Umas poucas palavras especificamente sobre a questão dos editais de patrocínio. Se o governo (falo genericamente e incluo o federal, os estaduais e os municipais neste bolo) não descarregar um caminhão de dinheiro, e dos grandes, a situação de quem depende dos editais para conseguir realizar os seus espetáculos só tende a piorar. Os editais foram inventados ou instituídos ou incrementados, sob o pretexto de democratizar a aplicação dos recursos públicos. A maior parte do dinheiro dos patrocínios para o teatro sai através da aplicação direta das Leis de Incentivo. Sabe-se que uma meia dúzia de agentes de empresas, captadores de recursos profissionais, produtores bem relacionados e seus prepostos, concentram a maior parte desse dinheiro. Os editais seriam uma forma de dar uma maior transparência ao processo de concessão dos patrocínios e estabelecer regras que colocassem os interessados em maior igualdade de condições.
Pura ilusão. Porque há mais projetos do que dinheiro para realizá-los. Como a verba dos editais (em geral) é muito menor do que o que se consegue diretamente utilizando as Leis de Incentivo, e como são muito poucos os projetos contemplados (recentemente o MinC selecionou para montagem pelo Myriam Muniz apenas 4 projetos do Rio de Janeiro e 5 em São Paulo) e como além disso, a maioria dos projetos que concorrem a esses editais não têm a menor chance de obter patrocínio diretamente com a utilização das Leis de Incentivo (em especial a Rouanet), o montante de interessados não para de crescer. São muitos projetos novos a cada ano.

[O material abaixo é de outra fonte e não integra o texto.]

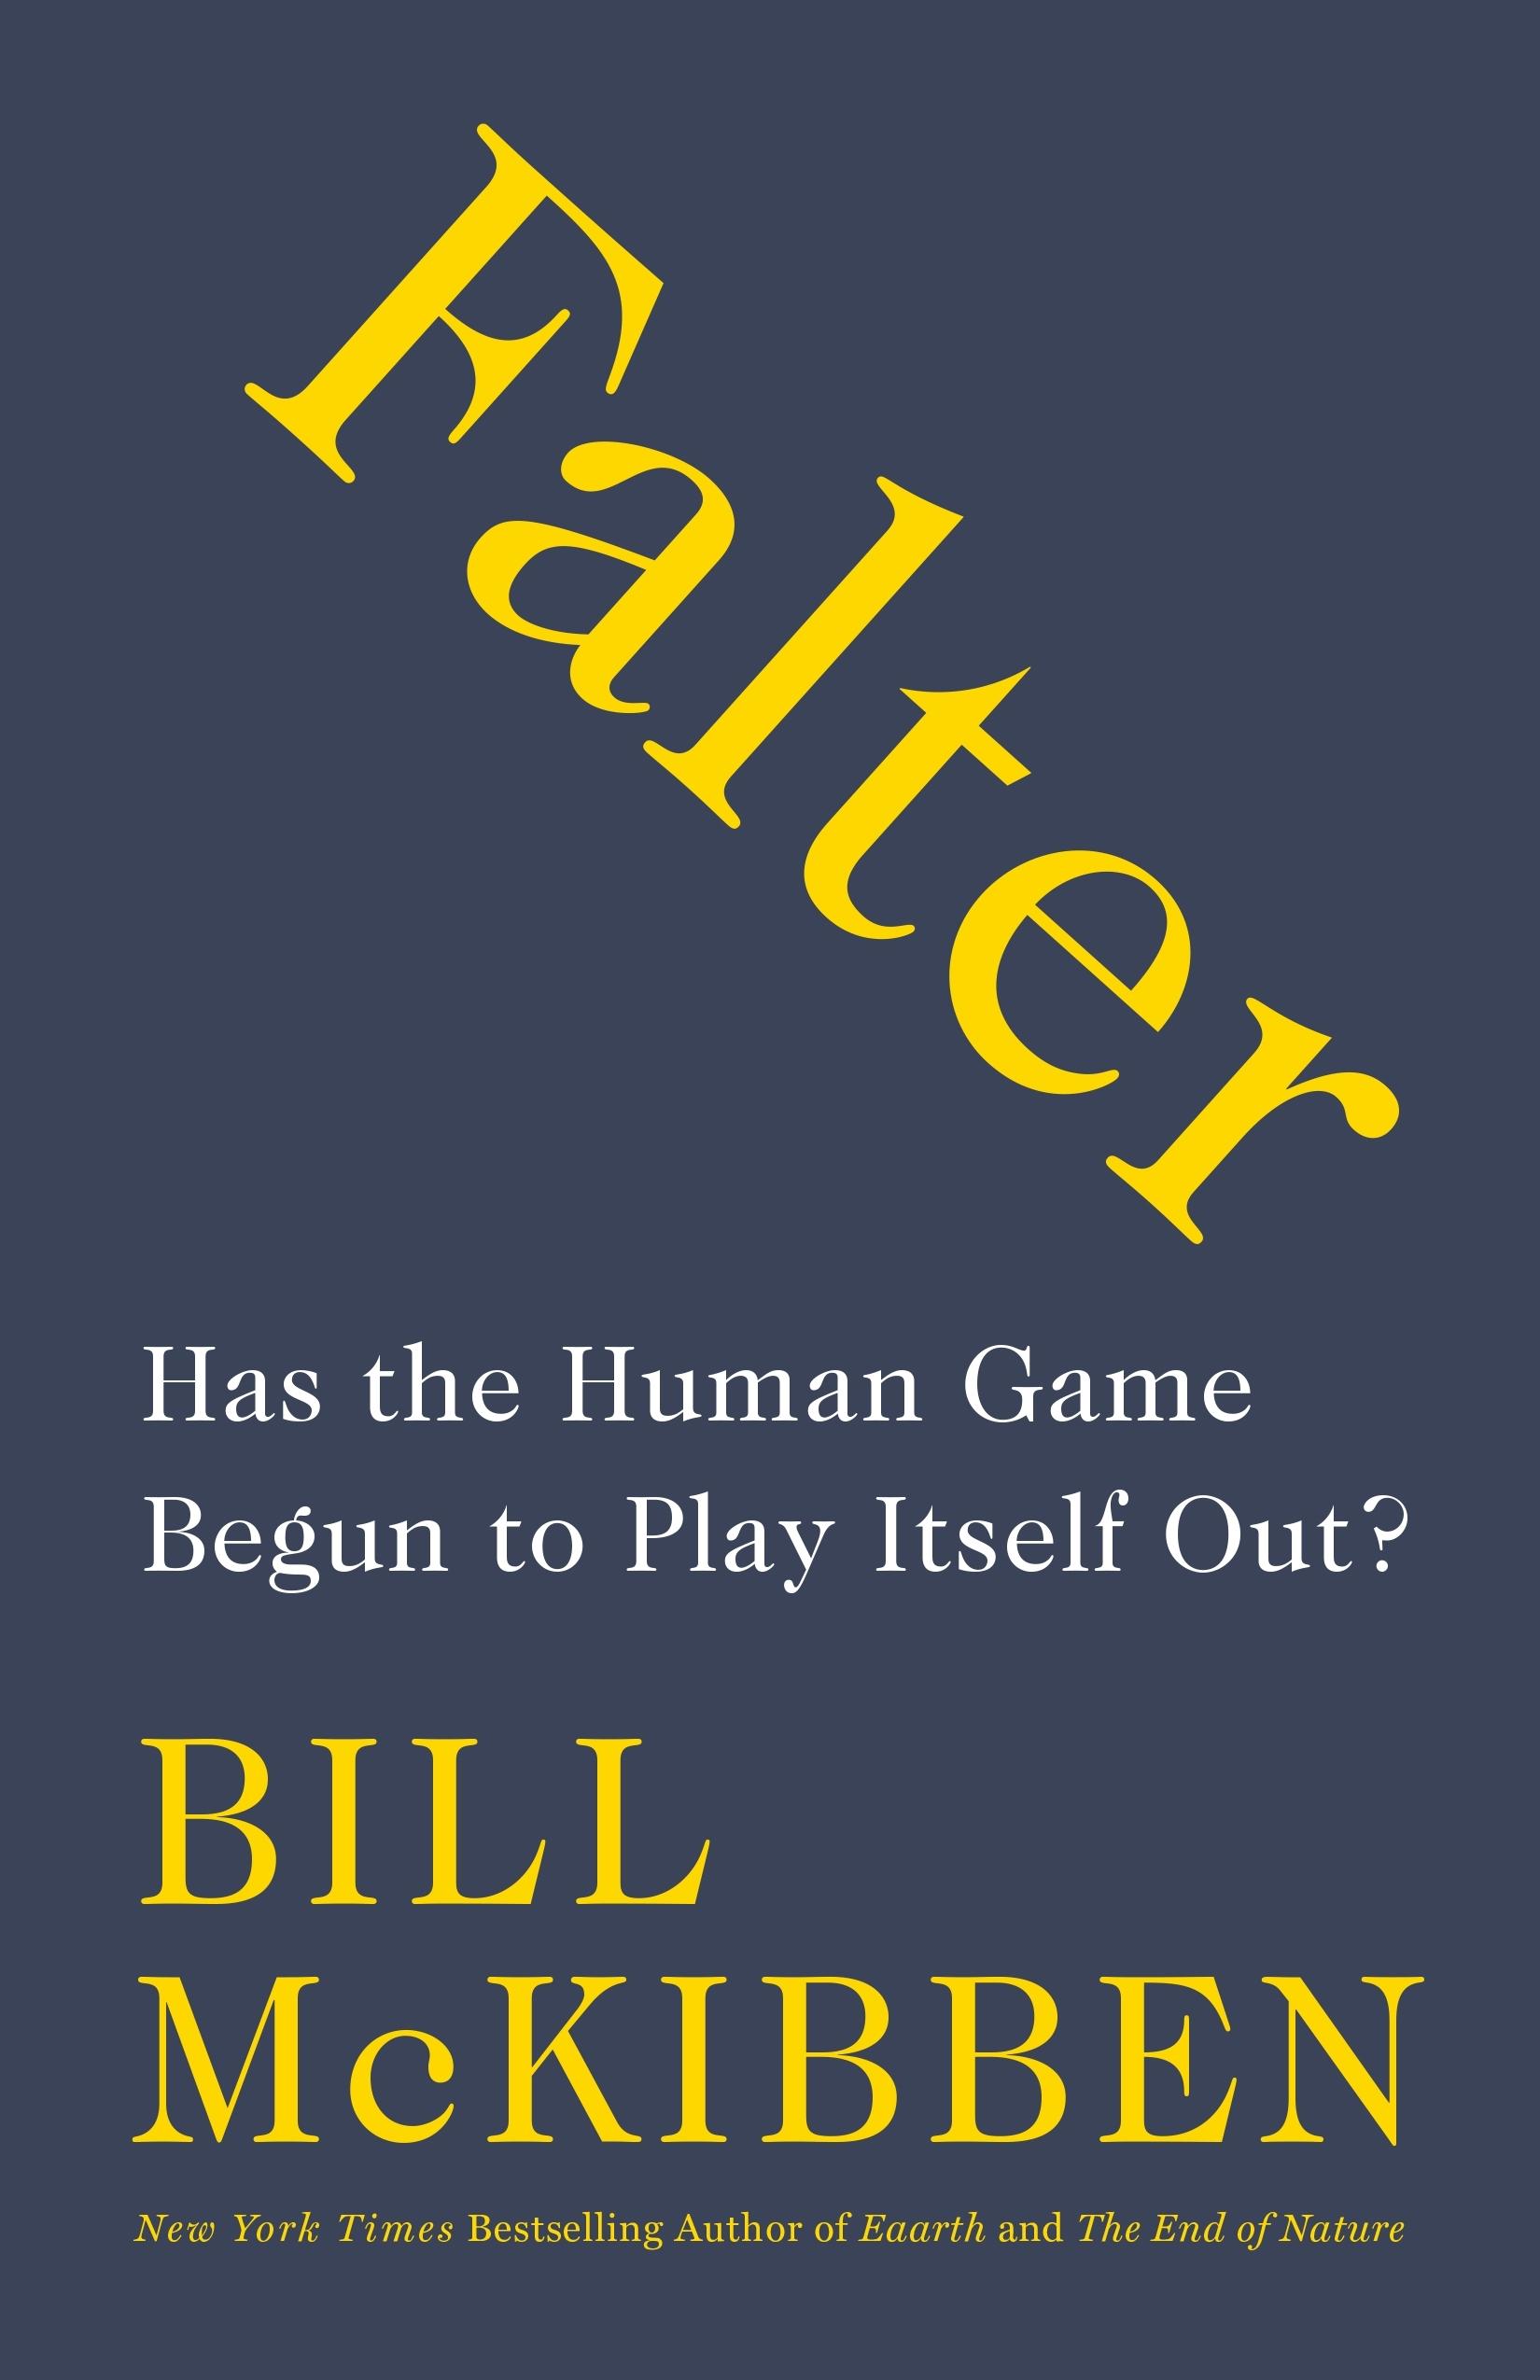 Bill McKibben Book 'Falter' Details Possibility of Human Extinction

E, além deles, os projetos que não conseguiram aprovação no ano passado, ou nos outros anteriores, continuam lá esperando a sua vez, e continuarão ainda por muito tempo.
Parece que os técnicos que elaboram os editais acreditam que os projetos que participam desse tipo de concorrência pública são realizados por artistas mais baratos que aqueles que concorrem à Rouanet. O que é outra ilusão. As fichas técnicas dos projetos podem ser as mesmas, em quaisquer dos casos. Apenas, aqui se promete pagar menos, se fará um cenário que custe menos, se colocará menos anúncios no jornal, porque justamente nos oferecem menos recursos para trabalhar. Nada, além disso. Por outro lado, também não faz sentido que um grupo de teatro em Aracaju e outro em São Paulo concorram ao mesmo valor de patrocínio para projetos parecidos. A verba de que o projeto de São Paulo necessita talvez pague dois projetos iguais em Aracaju.
Os editais também não garantem a suposta transparência no processo de aprovação dos projetos de teatro. As comissões que julgam os espetáculos a serem montados são quase sempre mantidas em segredo dos concorrentes. E por quê? Se os critérios de seleção são divulgados, se os projetos pertencem a artistas conhecidos (ou desconhecidos, mas que serão julgados em “igualdade de condições”) por que então os jurados não podem declarar publicamente o seu voto ou veto a esta ou aquela proposta? Não é preferível ter questionada a opinião deste ou daquele membro do júri ou a sua própria indicação como “notável” (este é o nome que lhes dá) do que ver todo o processo de seleção sob suspeita, como algumas vezes acontece?
E, por último (mas não por fim, retomaremos o assunto mais tarde) nas regras dos editais é onde mais se encontram cláusulas exigindo o menor preço possível de ingressos (com a maior quantidade possível de meias-entradas) e toda a espécie de ações de produção a que se convencionou chamar “contrapartidas sociais”. Que incluem espetáculos gratuitos, distribuição de ingressos, e, até mesmo (passei por isso recentemente) a doação de parte da bilheteria ou de sua totalidade para instituições de caridade. Aqui se vê bem presente a ilusão ou o preconceito que faz considerar as produções e artistas que se candidatam aos editais como “menores” que os outros e, portanto, mais baratos. Aqui também está bem clara a idéia generalizada de que o teatro se restringe à produção do espetáculo e sua exibição em uma pequena temporada. Pode ser também que os técnicos considerem a concessão do patrocínio um favor que se faz aos artistas.
Experimentem fazer essa conta. Coloquem cinqüenta mil reais em uma produção de teatro que ensaie sua peça durante dois meses. Depois, tentem manter viva essa mesma produção em um teatro de duzentos ou trezentos lugares a um preço médio de oito, nove reais, sem mais nenhum centavo de patrocínio. Quantas sessões essa peça terá que fazer por mês para manter o seu nível de produção? É um exercício de lógica, mas bem poderá ser real. Aqueles que tiverem uma resposta a essa questão e que sobreviverem apesar dela, esses merecem aprovação nos editais.